I think thats really nice.  Nice pics!  I agree with the background on the first but overall they are nice.  I actually prefer the 2nd!  Nice job


----------



## Shibby! (Mar 2, 2008)

Sign language always amazes me.  I dated a girl whose both parents were deaf.  Nicest people in the world and wished I knew more sign language. Watching my ex and her parents talk was amazing.  

Great pictures and point of view.  Definitely gives you a different angle to work!


----------



## AllHailZ (Mar 3, 2008)

I agree with the backgrounds.  When I took those, it was on a whim, I wasn't really thinking about the photo.  It's a bit distracting in the first but okay for the second, IMO.

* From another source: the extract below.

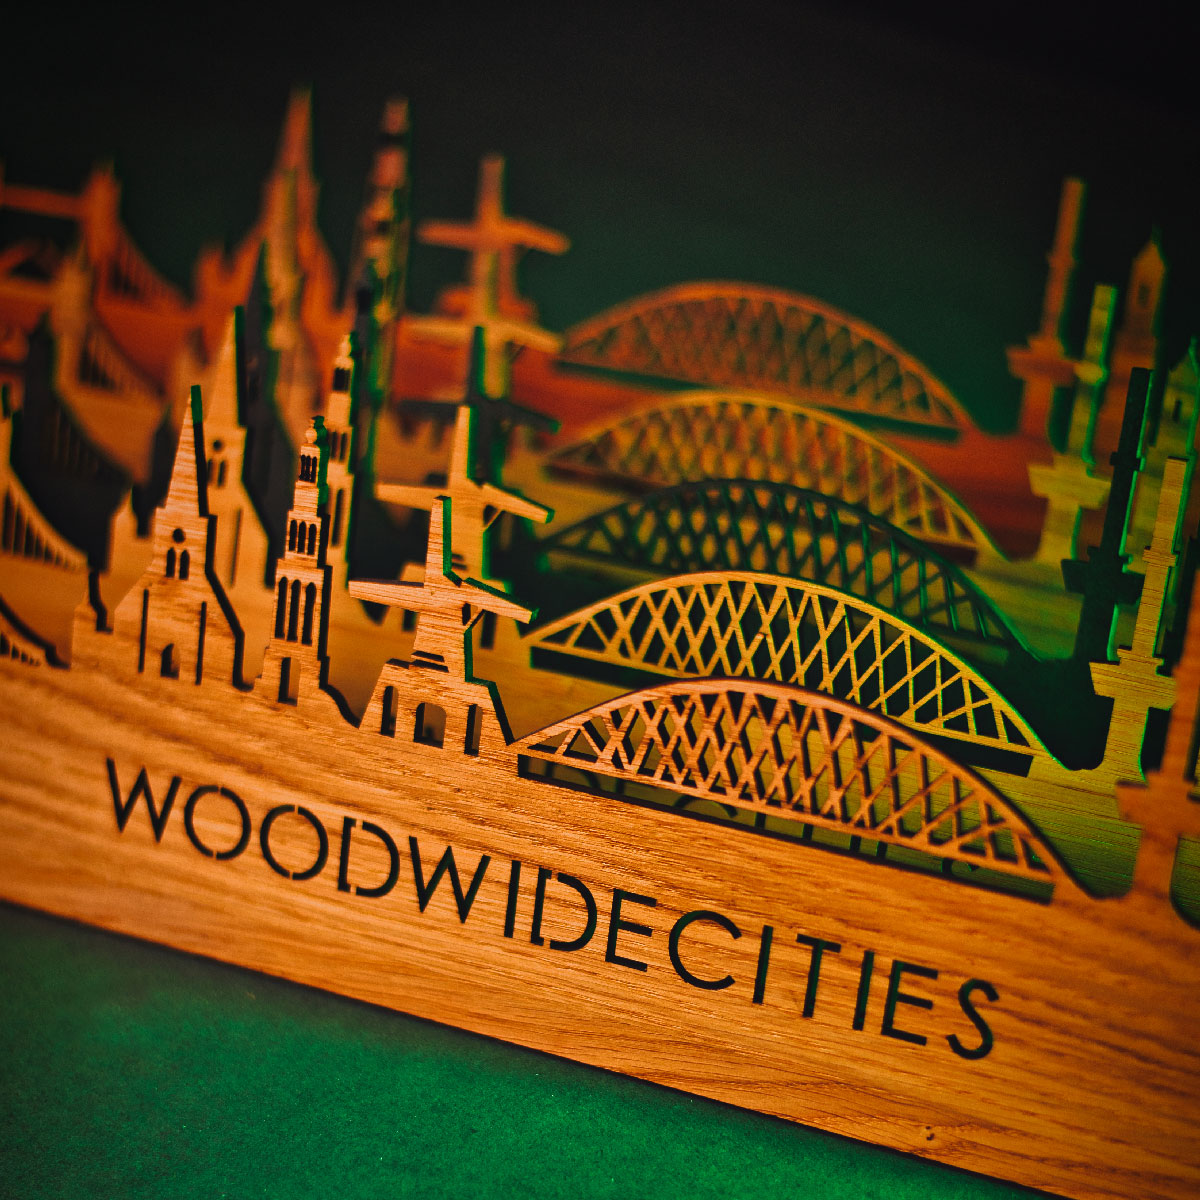 Skyline Klok Landgraaf Noten houten cadeau wanddecoratie relatiegeschenk van WoodWideCities
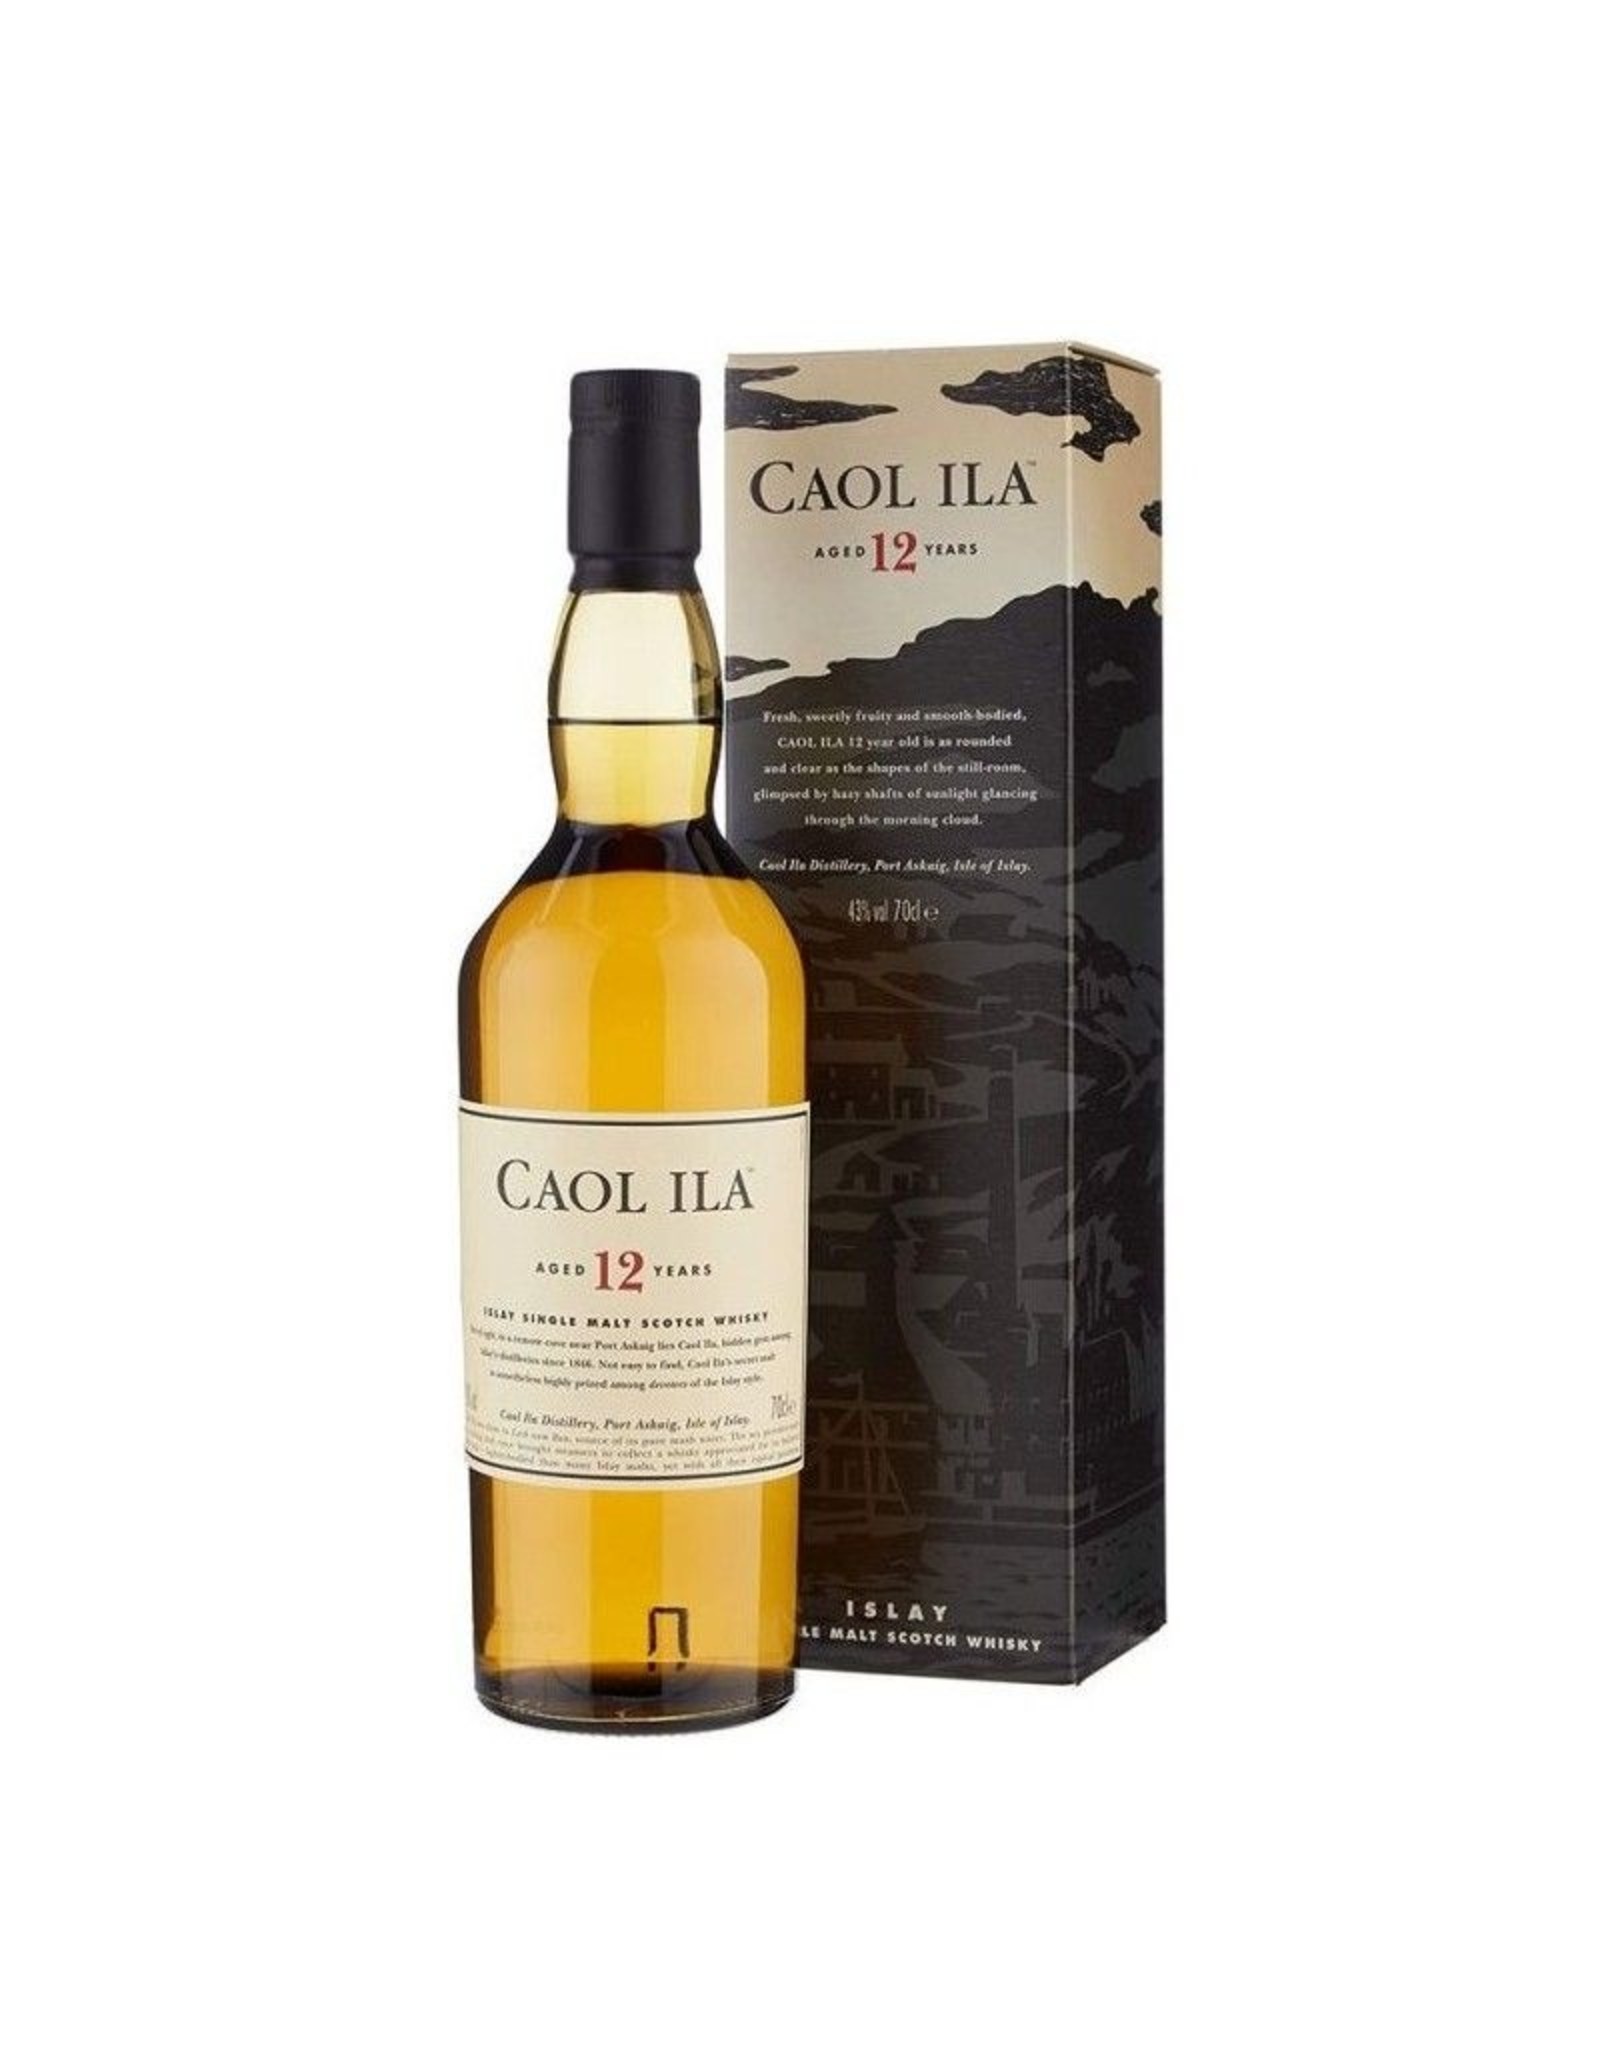 Caol Ila 12 years 70cl. 43%, Islay Single Malt Whisky

I was thinking about creating an American Sign Language theme in the Themes subforum, but I'm not sure how feasible it would be.

BTW, American Sign Language is not an universal language.  ASL is shared by the United States and Canada.  Other countries have their own.  Just tossing out an answer to one of the frequent questions I get asked.


----------



## Zada (Mar 6, 2008)

I looove the first one! Especially how the focus is in the center.  

Very creative  you have beautiful signing hands


----------



## Big Wallaby (Mar 21, 2008)

Reminds me of the time a deaf friend went to Japan, went to the Olympics, and met a deaf Japanese person.  To translate, he had to have his mom translate ASL into English for someone who translated into Japanese for someone who translated into Japanese Sign.

As someone who was told I would go deaf (and glad I didn't), I would love to have been there to see it.


----------



## Kentanner11 (Mar 21, 2008)

I love your signature! I am currently working on learning ASL and wanted to know if you knew of any tricks to make it stick?


----------